Task requirements —
List each line of the data that holds the string "Photo".

Material provided —
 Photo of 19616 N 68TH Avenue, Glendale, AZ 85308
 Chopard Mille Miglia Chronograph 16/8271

---

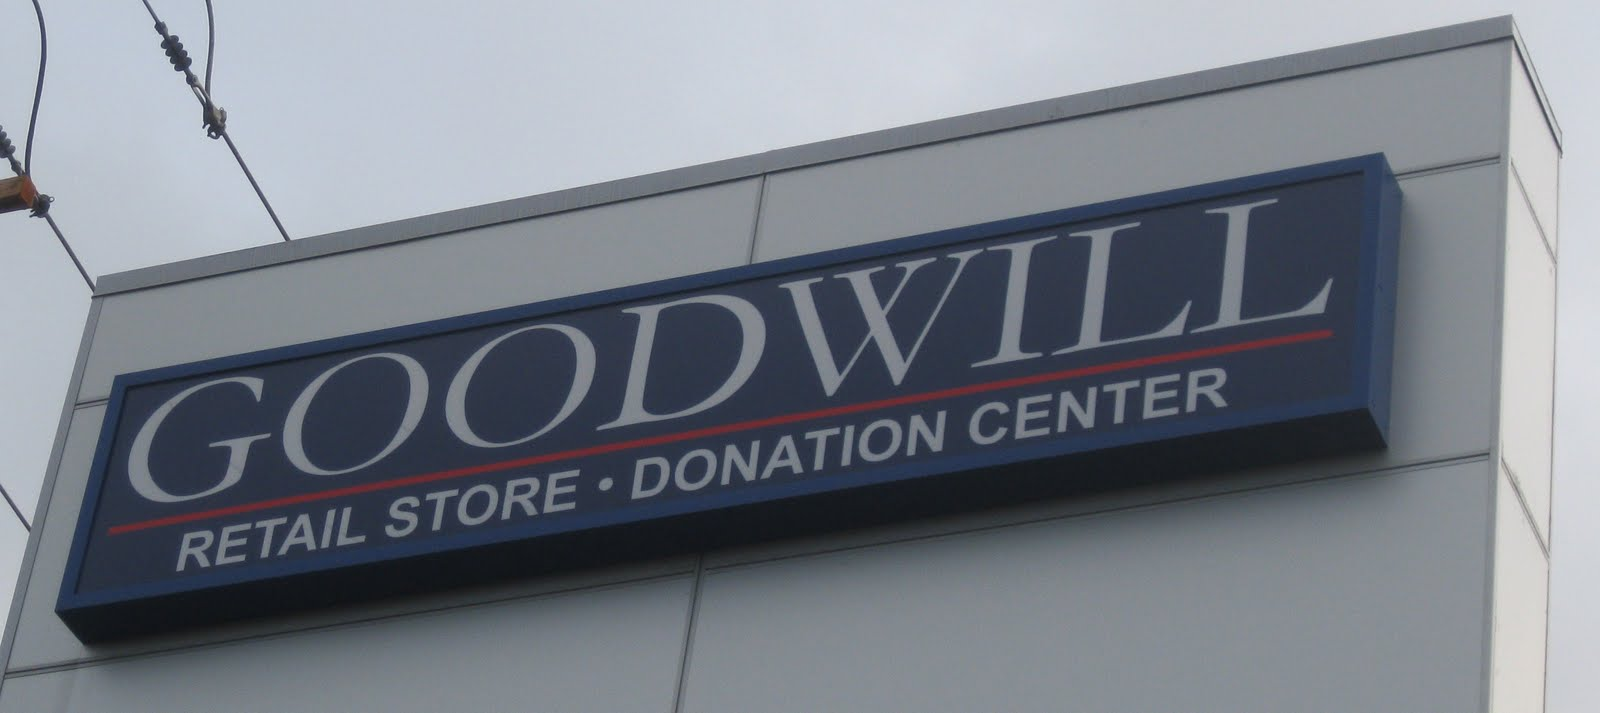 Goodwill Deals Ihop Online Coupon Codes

==

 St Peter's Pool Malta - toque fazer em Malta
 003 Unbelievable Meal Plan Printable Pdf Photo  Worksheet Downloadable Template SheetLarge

Solution to this exercise —
 Photo of 19616 N 68TH Avenue, Glendale, AZ 85308
 003 Unbelievable Meal Plan Printable Pdf Photo  Worksheet Downloadable Template SheetLarge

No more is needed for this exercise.